Berlin - European inflation edged down in October, data released Friday showed, as a result helping to pave the way for the European Central Bank to deliver another hefty rate cut next week.
The European Union's statistics office said its preliminary estimate of annual inflation in the 15-member eurozone edged down to 3.2 per cent this month from 3.6 per cent in September.
This is the lowest inflation rate since January and substantially down from the 4 per cent it hit in July. Analysts had also expected inflation to come in at 3.2 per cent in October.
"The fall in inflation increases the ECB's room to move," said Commerzbank AG economist Christoph Weil.
Another reduction in borrowing costs by the ECB would also form part of a new wave of rate cuts by the world's leading central banks with the Bank of Japan trimming rates on Friday from 0.5 per cent to 0.3 per cent in a bid to ward off the threat posed by a global economic downturn.
This came in the wake of the US Federal Reserve along with the monetary authorities in Norway and China reducing the cost of money earlier in the week.
The Bank of England as well as the monetary authorities in Switzerland are also expected to follow up this week's rate cut moves with reductions in their key borrowing costs.
The drop in eurozone inflation follows the recent fall in energy and food costs, with oil prices hovering at about 63 dollars a barrel in European trading Friday on the prospects that slowing global economic growth will curb demand. In July, oil prices were heading towards 150 dollars a barrel.

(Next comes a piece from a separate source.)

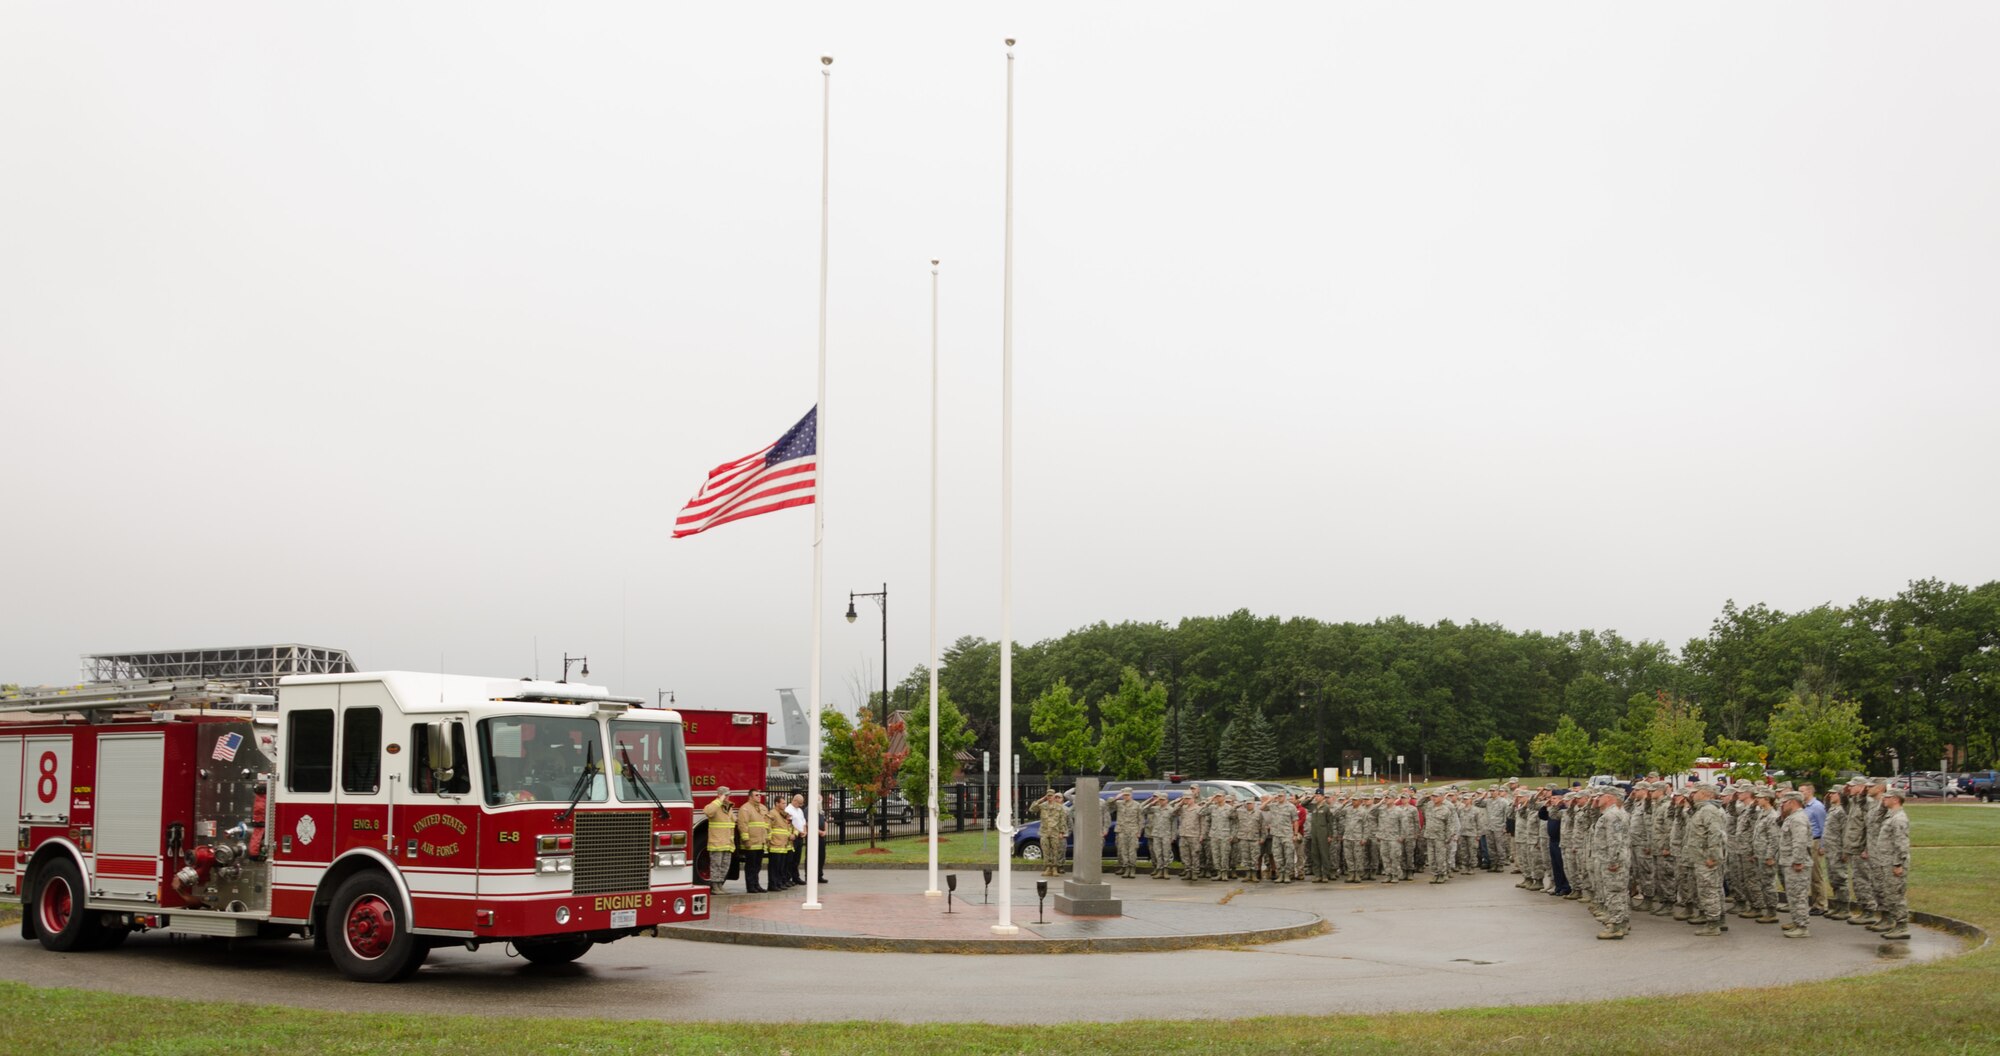 New Hampshire Air National Guard Airmen gather to remember the terrorist attacks of September 11, 2001 and pay tribute to the victims and families of those lost in New York, Pennsylvania and in the Pentagon, Pease Air National Guard Base, N.H, September 11, 2018. The 157th Air Refueling Wing continues to provide air refueling support for the War on Terror. Photo by Tech. Sgt. Aaron P. Vezeau, 157th ARW Public Affairs.

Analysts have predicted that the drop in energy prices and slowing global growth could result in further falls in eurozone inflation in the coming months.
"We expect inflation to average 1.8 per cent in 2009 compared to 3.4 per cent this year," said Weil. ING economist Martin van Vliet believes inflation could fall below 1.5 per cent as 2009 unfolds.
In harmonized European terms, annual German inflation fell from 3 per cent in September to 2.5 per cent this month, its lowest in more than a year, data also released this week showed.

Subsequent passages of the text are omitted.